Joe aveva fatto apposta a spaventarlo, perché lo choc gli fosse di lezione. Altra staffilata indelebile. Da quella notte, e per molti anni, Michael Jackson ebbe  incubi continui: sognava che un uomo nero venisse a rapirlo.

***

Joe Jackson aveva finalmente stipulato il primo contratto importante. Mister Gordy era l’imprenditore grazie al quale la musica nera si era diffusa su vasta scala, l’afroamericano che faceva gli interessi di quelli come lui in un decennio in cui il razzismo penalizzava gli artisti di colore. La soddisfazione si leggeva sul viso sia di Joe che di Berry quando, posta l’ultima firma, si strinsero la mano.
Aspettate un momento…  voglio presentarvi una signora – disse mister Gordy e chiese alla segretaria di introdurla.
Di li a poco apparve un’afroamericana dai lineamenti raffinati,  chioma voluminosa, sorriso invitante, stretta in un abito dai colori sgargianti.
–    Diana Ross   –   la presentò Gordy
–   Ciao ragazzi, come siete carini – disse Diana,  poi rivolta a Michael – soprattutto tu…
I cinque tacevano intimiditi.
Mi hanno parlato spesso di voi… voglio vedervi alla prova…. Sono sicura che faremo cose straordinarie…
***

I Jackson 5 avevano appena messo piede sul gradino di una scala che li avrebbe portati in alto.

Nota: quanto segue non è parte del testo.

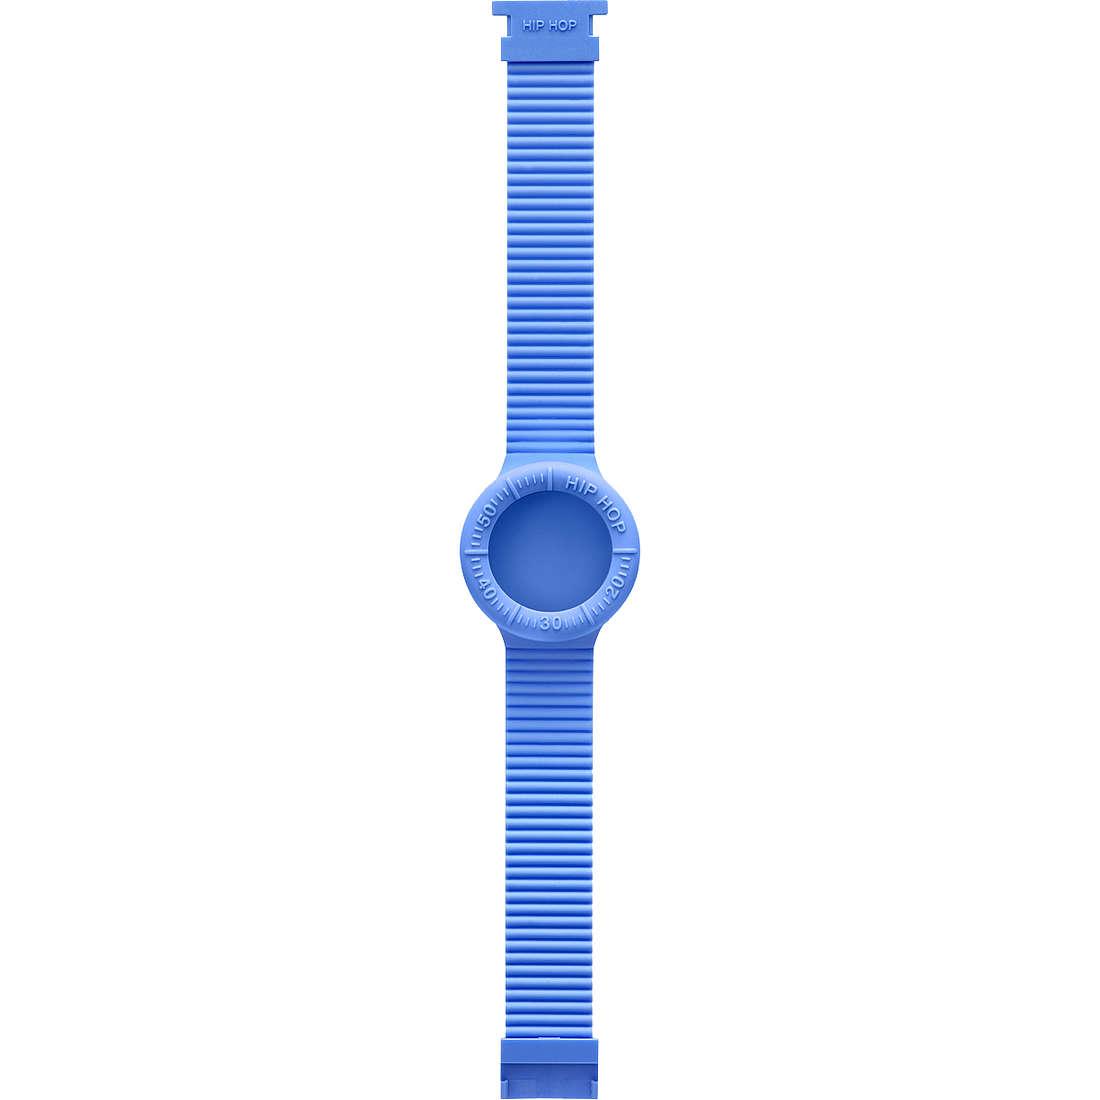 orologio accessorio unisex Hip Hop Hero HBU0123

Nell’autunno del 1969 veniva pubblicato dalla Motown il primo singolo “ I want you back”: a ottobre era solo novantesimo in classifica, a gennaio del 1970, detronizzati notissimi artisti,  era già sulla vetta. Grazie a questa canzone arrivarono numerose le apparizioni televisive.

I Jackson 5 – I wont you back

(continua)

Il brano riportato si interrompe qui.